26 KiB
NATS Hardening, Dead-Letter Queue & Auth Security
For agentic workers: REQUIRED SUB-SKILL: Use superpowers:subagent-driven-development (recommended) or superpowers:executing-plans to implement this plan task-by-task. Steps use checkbox (
- [ ]) syntax for tracking.
Goal: Harden the NATS consumer (explicit config, ack timeouts, unknown-event acking), add an automatic-retry dead-letter queue backed by Postgres, and close three auth security gaps (weak secret validation, timing oracle, excessive JWT TTL).

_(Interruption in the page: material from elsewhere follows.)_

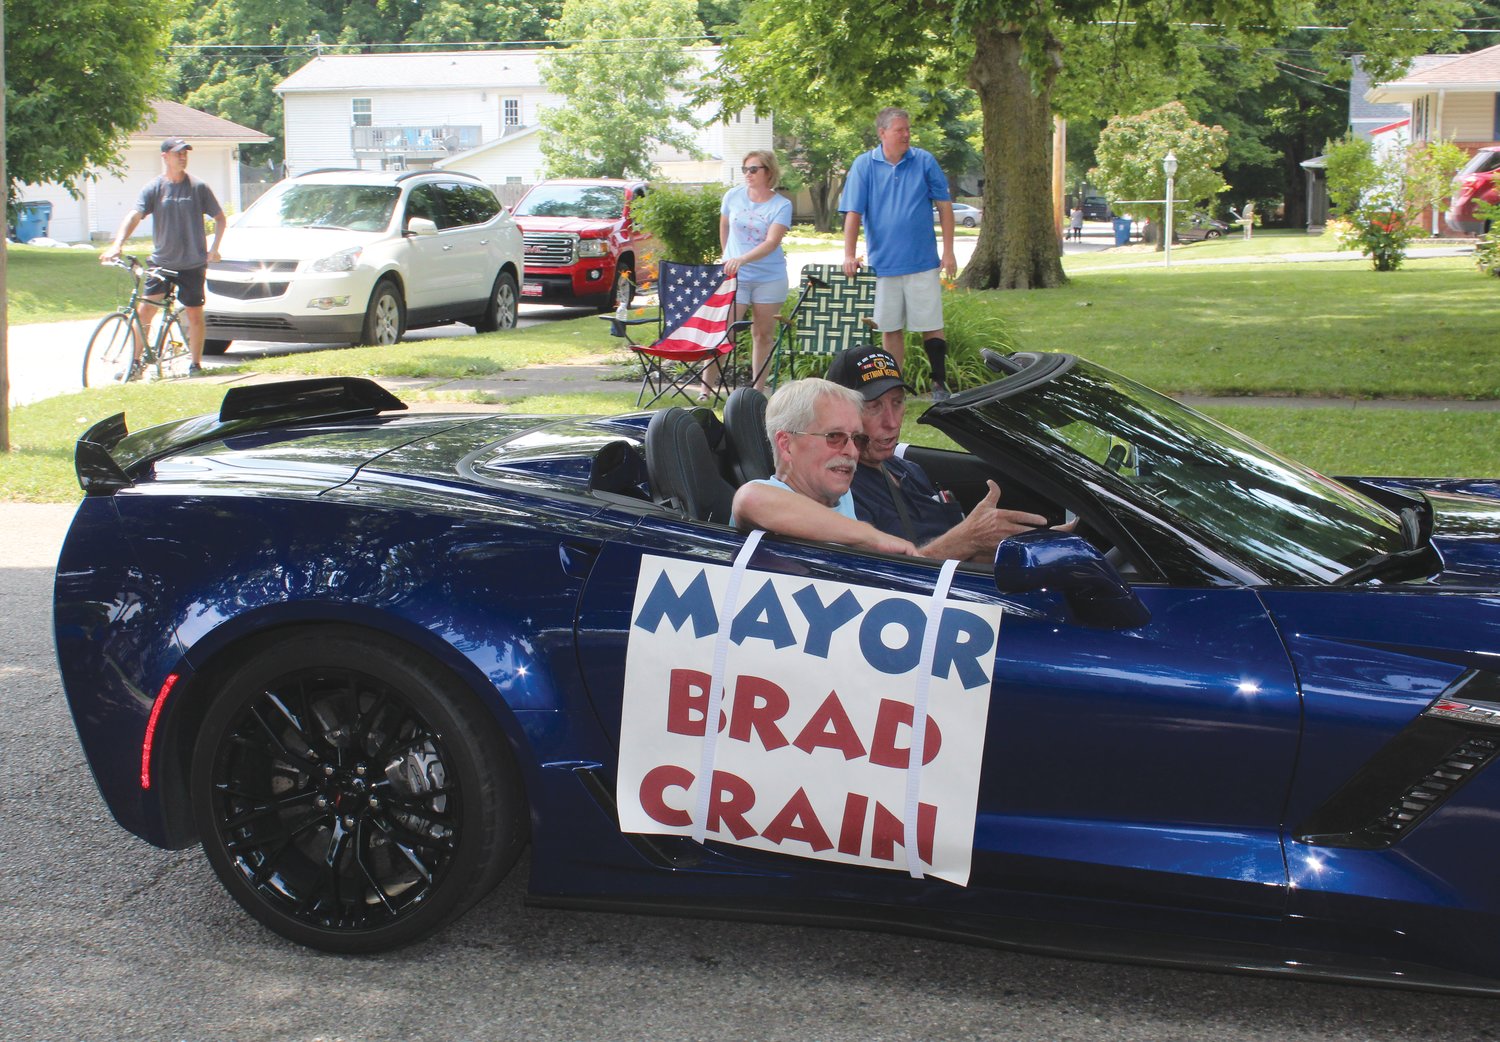 Covington Mayor Brad Crain was all smiles.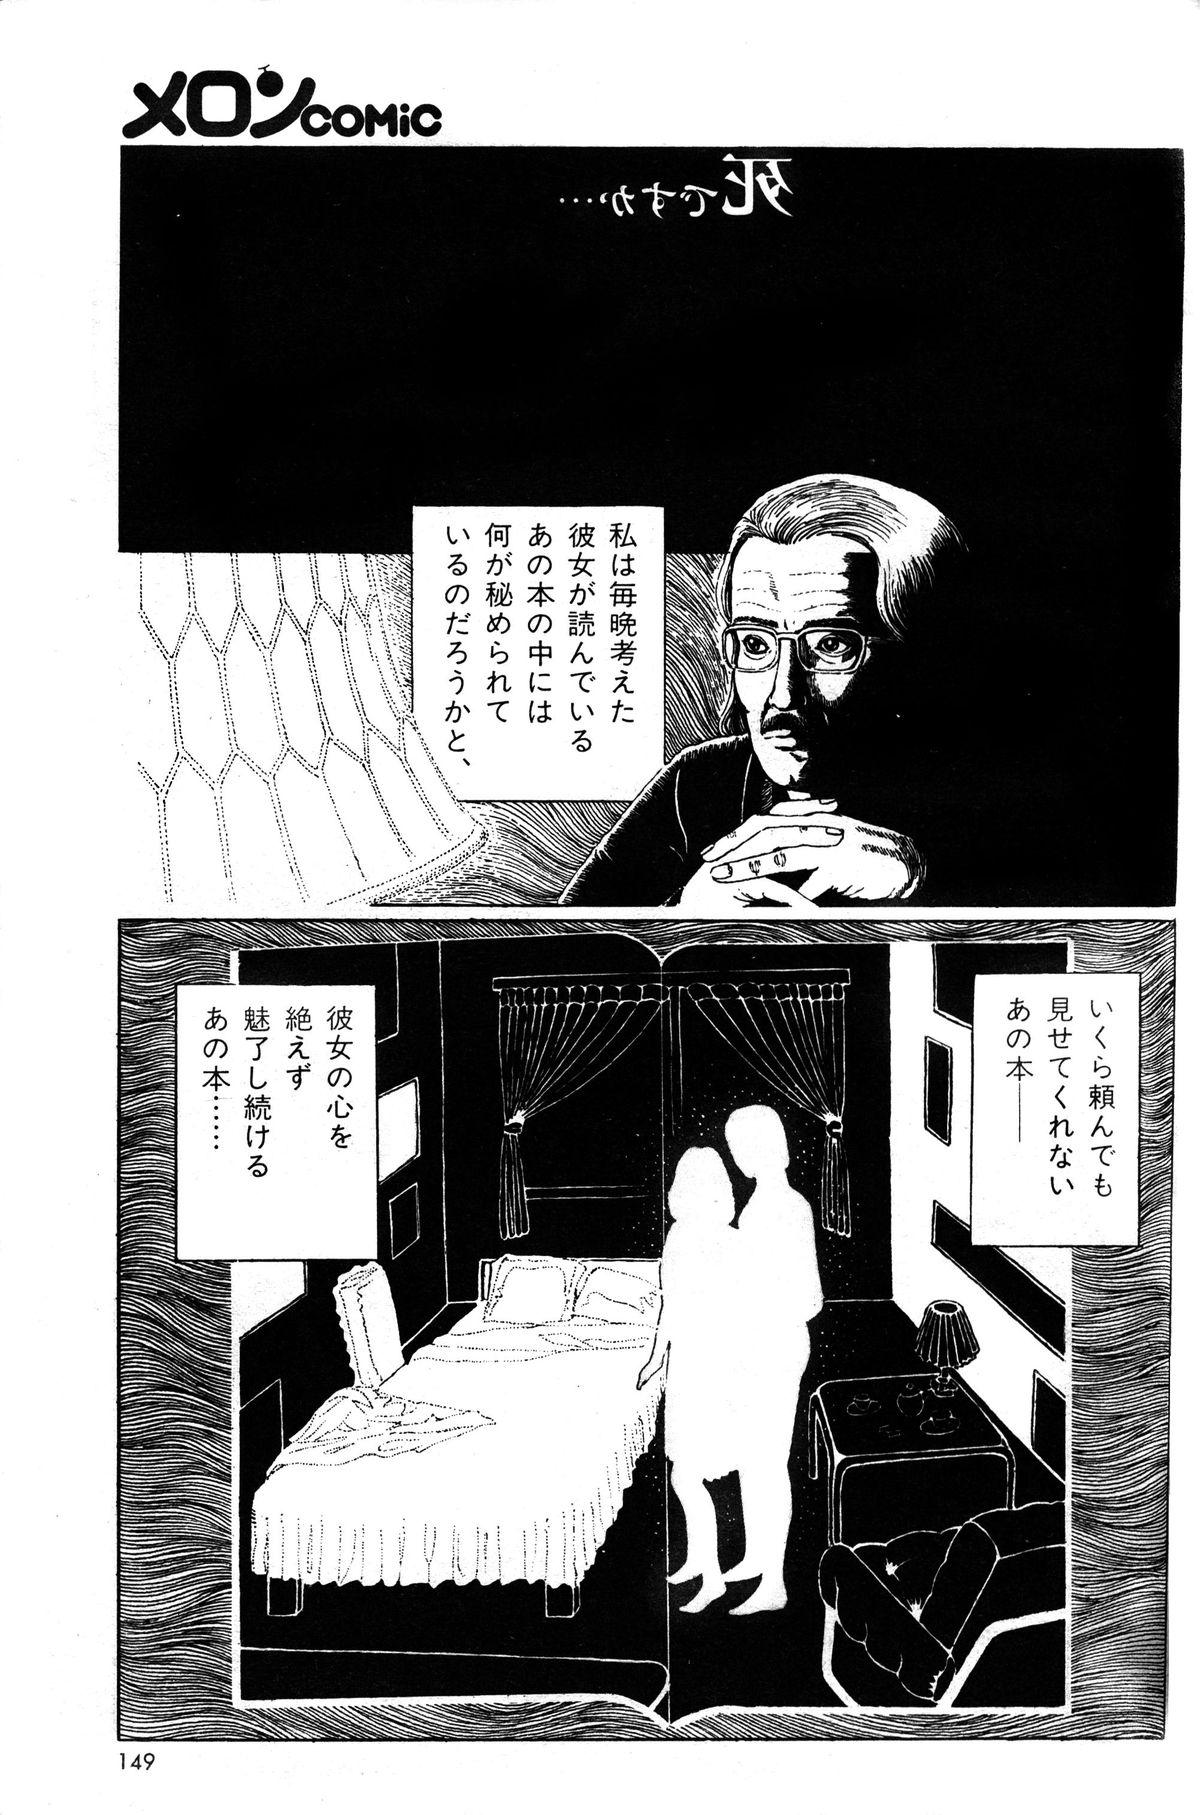 Melon Comic No. 01, メロンコミック 昭和59年6月号 150

Architecture: Seven sequential tasks. Tasks 1–3 are independent of each other and of 4–7 — they can be reviewed in any order. Tasks 4–7 form a dependency chain: delivery-count metadata (Task 4) → migration (Task 5) → Postgres store (Task 6) → worker DLQ loop (Task 7).
Tech Stack: Rust, Tokio, async-nats 0.48, SQLx, Postgres, argon2, jsonwebtoken.
Task 1: Auth hardening — secret validation, timing equalization, TTL
Files:
-
Modify:
crates/bootstrap/src/factory.rs -
Modify:
crates/application/src/use_cases/auth.rs -
Modify:
crates/adapters/auth/src/lib.rs -
Step 1: Replace the magic JWT TTL constant and add secret length check in
factory.rs
In crates/bootstrap/src/factory.rs, find the current const JWT_TTL_SECS: i64 = 86_400 * 30; at the top of the file. Replace it and add a secret minimum constant, then add validation before the JwtAuthService is constructed:
const JWT_TTL_SECS: i64 = 86_400; // 24 hours
const JWT_SECRET_MIN_BYTES: usize = 32; // 256 bits minimum for HS256
Then, just before auth: Arc::new(auth::JwtAuthService::new(...)) in the build function, add:
if cfg.jwt_secret.len() < JWT_SECRET_MIN_BYTES {
panic!(
"JWT_SECRET is {} bytes — minimum is {} bytes for HS256 security",
cfg.jwt_secret.len(),
JWT_SECRET_MIN_BYTES,
);
}
- Step 2: Update the auth test to use a 32-byte secret
In crates/adapters/auth/src/lib.rs, find the tests that use "secret".into():
// Before (lines ~98, ~107):
let svc = JwtAuthService::new("secret".into(), 3600);
// After (use 32+ byte secret):
let svc = JwtAuthService::new("a-secret-that-is-at-least-32-bytes".into(), 3600);
Update both test cases (generate_and_validate_token and invalid_token_returns_unauthorized).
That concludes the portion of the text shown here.